Date of Award
Doctor of Philosophy
John Muldowney, D. H. Carlisle, Harold S. Fink, Richard C. Marins
The Constitution bestows upon the president the right to make appointments "by and with the advice and consent of the Senate" to federal position at home and abroad. Over the passage of time, through free use of this power and the implied power of removal, the several chief executives constructed a vast patronage system, of which one primary goal was to reward the party faithful for their services. The purpose of this dissertation is to determine how well Andrew Johnson, the unexpected successor of Abraham Lincoln, used the seemingly powerful patronage weapon and the reasons why he used it as he did.
Prior to his elevation to the presidency, Johnson had been a Jacksonian Democrat with a great faith in the wisdom of the masses of people. As such, he had subscribed to the spoils system with its attendant principles of loyalty to the party and rotation in office. There is little evidence to indicate that he subsequently changed his views, despite the fact that they were of questionable validity in the unbalanced postwar political context of 1865-1869.

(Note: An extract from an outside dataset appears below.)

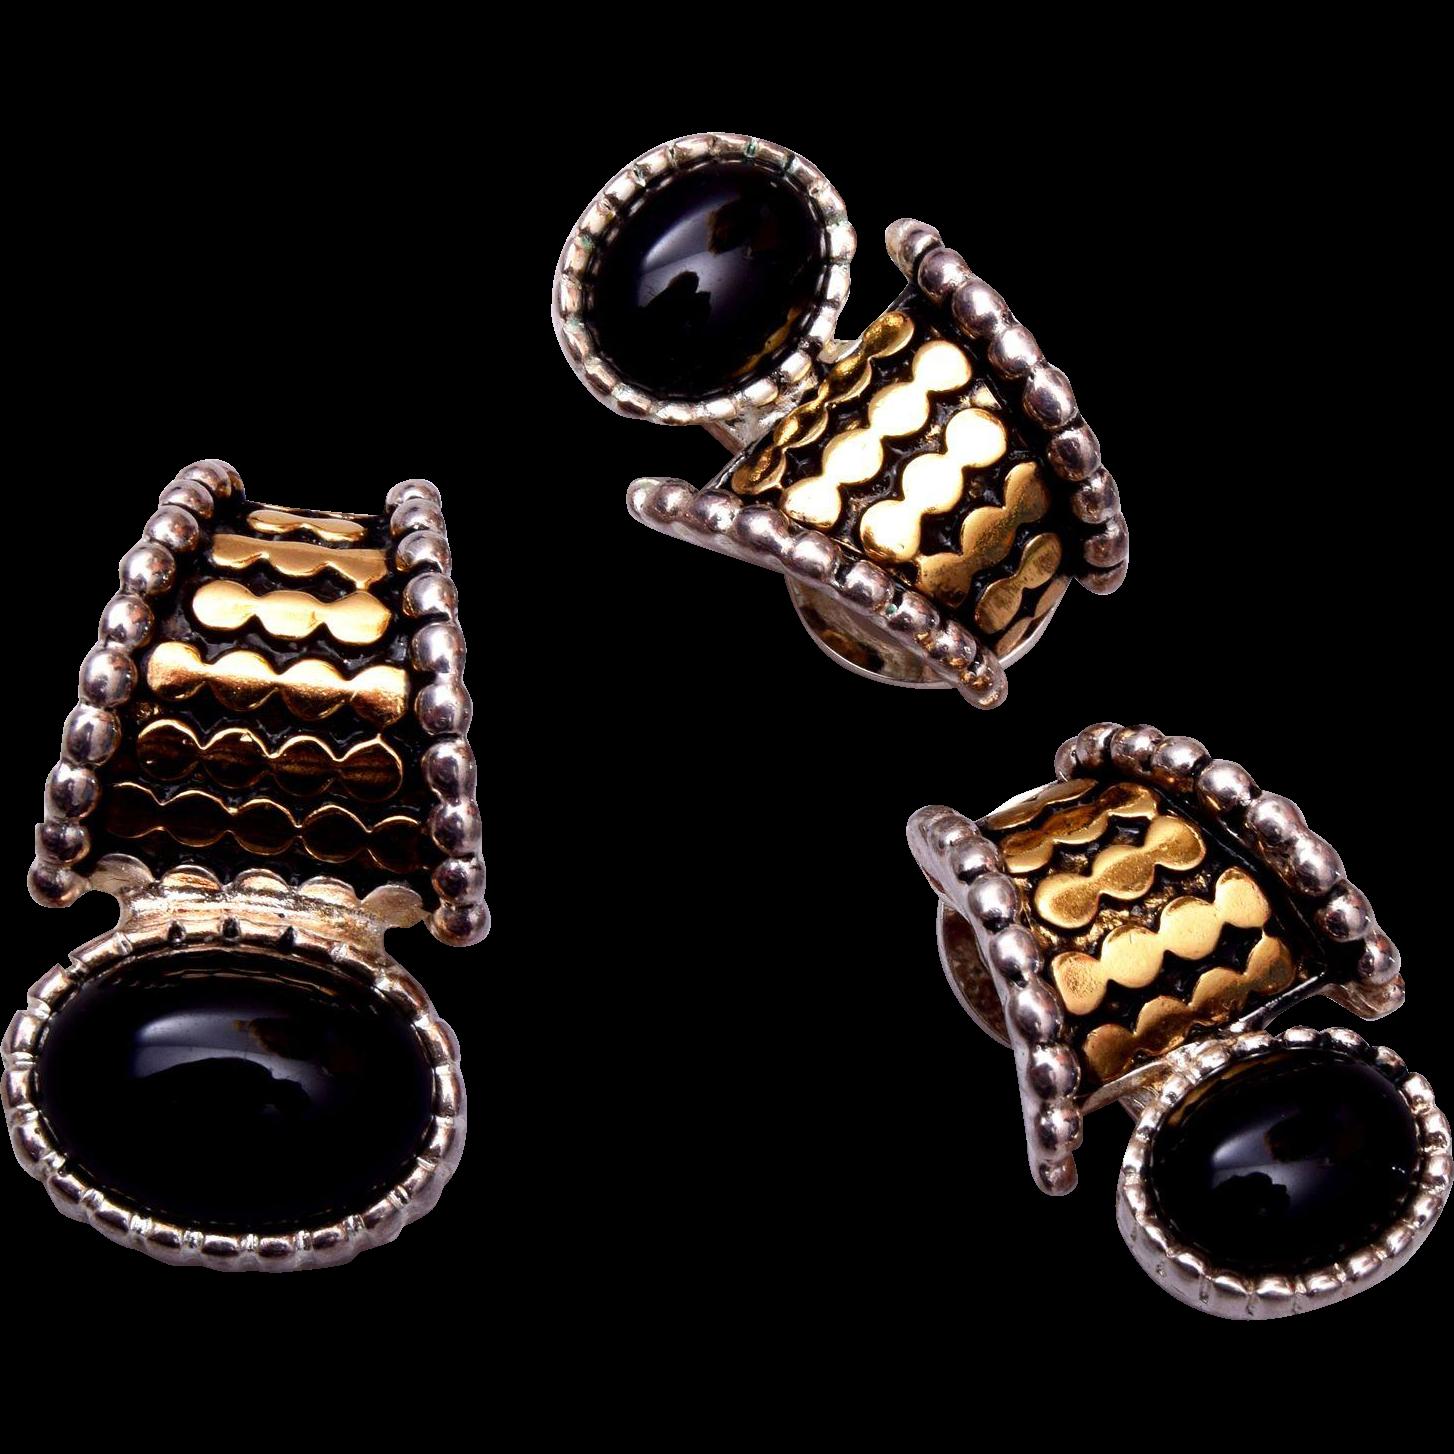 Premier Designs 2-Tone Pendant and Earring Set

Andrew Johnson was also a decided individualist, a characteristic which showed itself on several occasions during his presidential career. This trait at times overshadowed his political convictions and, increasingly during the course of his presidency, dictated his actions. Nowhere was this tact more clearly evident than in his use of the patronage.
As president, Johnson initially was allowed a free patronage hand, but as he and the dominant element of the Republican party, the Radicals; increasingly clashed on the issues of reconstruction, the latter moved to wrest control of the system from him. Seeking endorsement for his policies, he appealed to the people in the 1866 congressional campaign. Many of his supporters urged that he use the federal patronage to affect the outcome of the elections, and a number of changes were made, but the Radicals emerged victorious. Some observers, both at that time and later, charged that this result occurred because Johnson misused his patronage powers, but he probably realized that he could not have changed the outcome of the elections regardless of how he might have used his powers of removal and appointment.

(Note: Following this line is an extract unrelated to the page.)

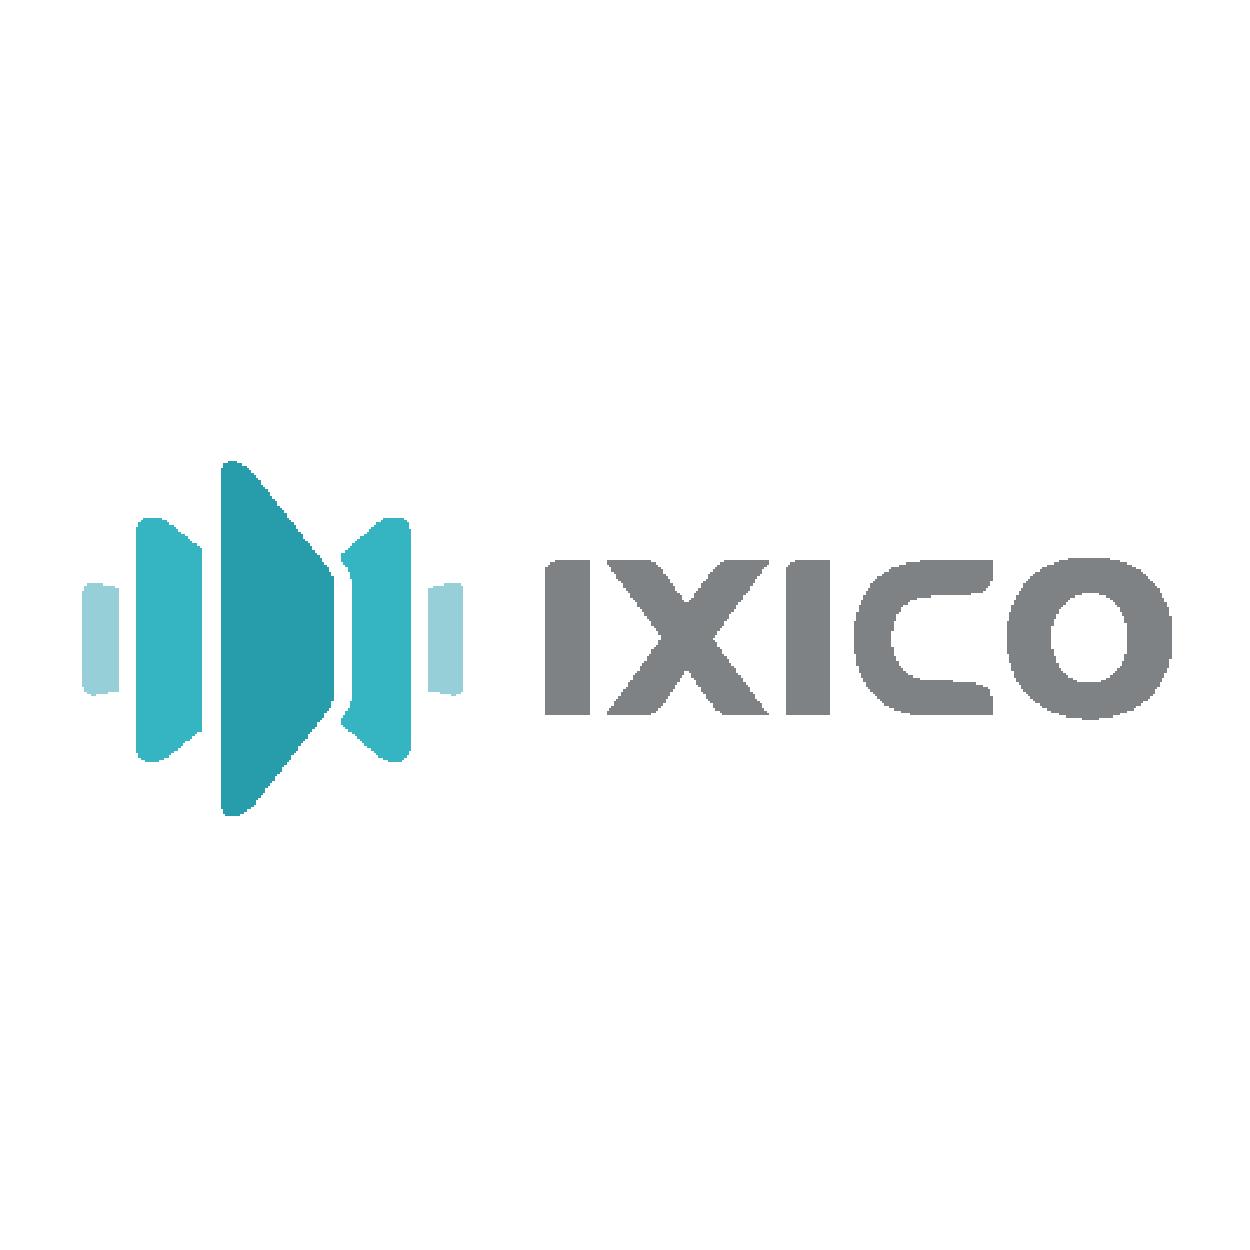 Ixico

Having failed to win popular support for his position, Johnson then faced the alternative of either turning to the Democratic party and bolstering it with the federal patronage or becoming politically isolated. The leaders of that party both expected and encouraged him to return to the fold, but the chief executive steadfastly refused to do so. The people had not elected a Democratic president in 1864 and Johnson's integrity and honesty dictated that they were not to receive one against their will.
While becoming increasingly politically isolated, Johnson sought to reward those who had remained faithful to him. Close supporters were appointed to office, and despite demands from Democrats that changes be made, he refused to remove loyal cabinet members from their posts. At the same time, however, the president would not tolerate disloyalty. When his secretary of war proved unfaithful, Johnson, defying Radical legislative efforts to secure Edwin M. Stanton in his position, removed him from office. This move led to the chief executive's impeachment and trial, a process which the Radicals unsuccessfully attempted to turn into a condemnation of his entire patronage policy.

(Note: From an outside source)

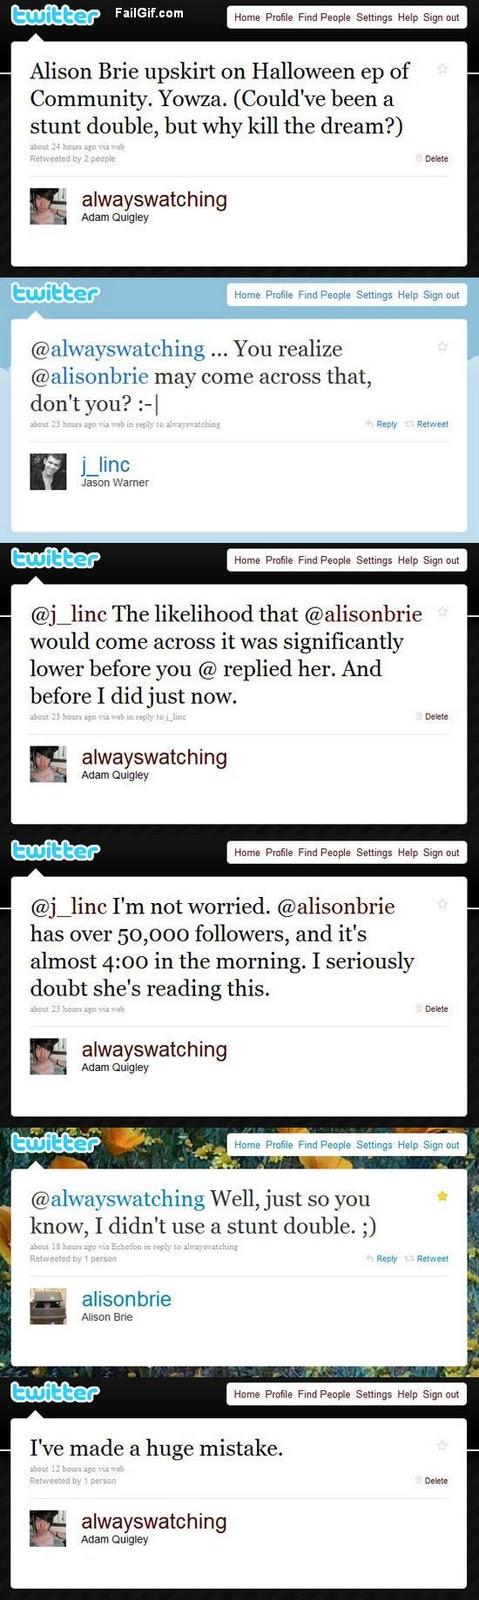 alison brie twitter pics. alison brie twitter. alison

Both primary and secondary sources were used for this study. Heavy dependence was placed upon certain manuscript collections, particularly those of Andrew Johnson, Senators John Sherman and Lyman Trumbull, and Representative Elihu B . Washburne. The Congressional Globe, the United States Senate Executive Journal, and the official account of the impeachment trial were also of considerable value.
Baumgardner, James Lewis, "Andrew Johnson and the Patronage. " PhD diss., University of Tennessee, 1968.